Talking to Golden Gate Claude reminds me of my relationship with my sense of self. My awareness of being Me is constantly hovering and injecting itself into every context. Is this what “self is an illusion” really means? I just need to unclamp my sense of self from its maximum value?
I think it is also good to consider that it’s the good-but-not-great hardware that has the best price-performance at any given point in time. The newest and best chips will always have a price premium. The chips one generation ago will be comparatively much cheaper per unit of performance. This has been generally true since I’ve started recording this kind of information.
As I think I mentioned in another comment, I didn’t mention Moore’s law at all because it has relatively little to do with the price-performance trend. It certainly is easy to end up with a superexponential trend when you have an (economic) exponential trend inside a (technological) exponential trend, but as other commenters point out, the economic term itself is probably superexponential, meaning we shouldn’t be surprised to see price-performance to fall more quickly than exponential even without exponential progress in chip speed.
You know those videos where a dog tries to carry a large stick through an opening in a fence, and the stick is too long to fit so it just keeps bumping against the verticals, and it’s obvious to a person watching that the dog would easily get the stick through if it just turned sideways, or rotated its head, or dragged the stick through by one end, or basically did anything at all other than what it is currently doing?
The other day I had on the kitchen counter a sort of floppy cloth place mat that was covered in crumbs and food debris.

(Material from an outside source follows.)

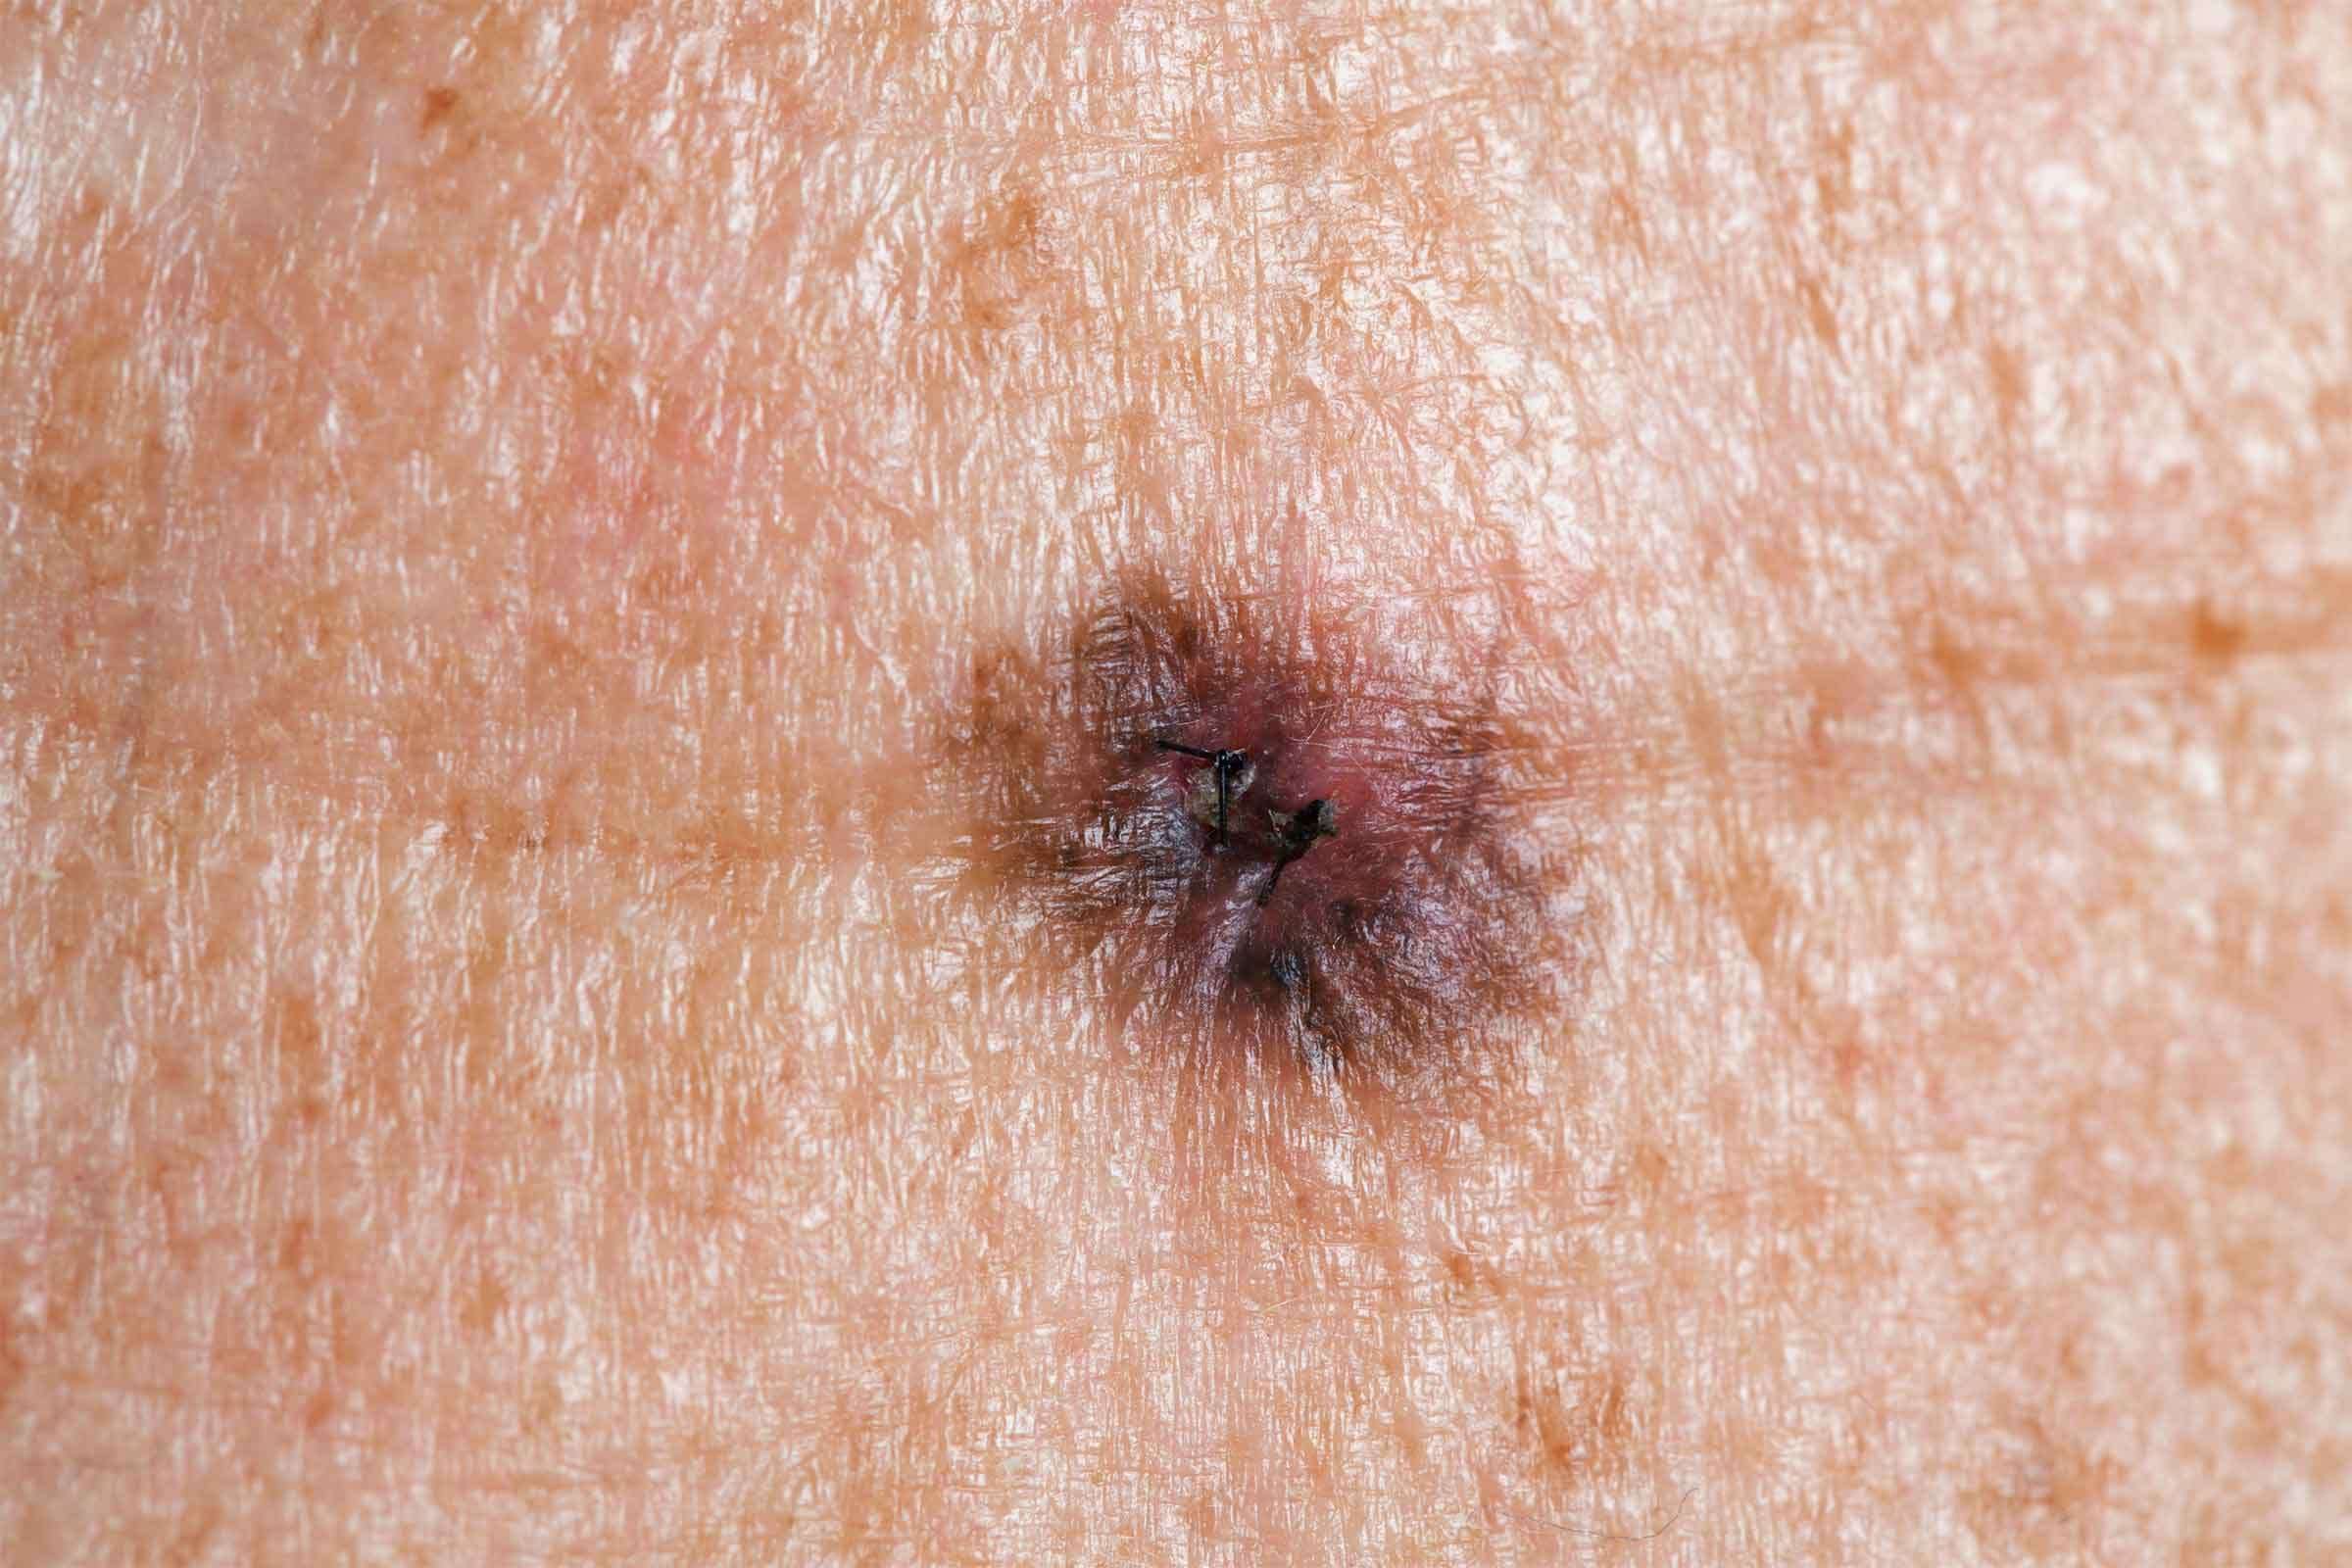 Skin Cancer Symptoms: How to Check for Moles

I tried to lift it and kind of bend it and then pour the crumbs and stuff into the sink. But because it was floppy and soft, instead I poured the crumbs all over the counter and floor. Maybe one-third made it into the sink.
My sister-in-law watched me do all this with the same expression you have on your face when you watch the dog try to get through the gate. We had a good laugh about it.
The point of this story is that smug intellectual superiority is really difficult to maintain when you think about all the moronic buffoonery that you have committed in your life. About all the absolute dumbass mistakes you’ve made. If you really contextualize your own self-image objectively with respect to your brilliancies and your blunders then you can’t help but see yourself as a kind of ridiculous Don Quixote-esque clown, a figure deserving more of bemused pity than anything.
And then you realize, this is just a description of mankind. You and me, benighted fools, are the proper referent for “people.” Dogs baffled by gates, bravely slamming our sticks against the verticals, and sometimes being struck by enough lucky inspiration to think of turning our heads. Locally smart, perhaps, when it concerns our favorite subjects. Capable of amazing things when we’re at our best. But really — try to remember the last time you returned a wave meant for the person standing behind you, while maintaining any sense of general misanthropy. It’s hard not to realize we’re all in this circus together.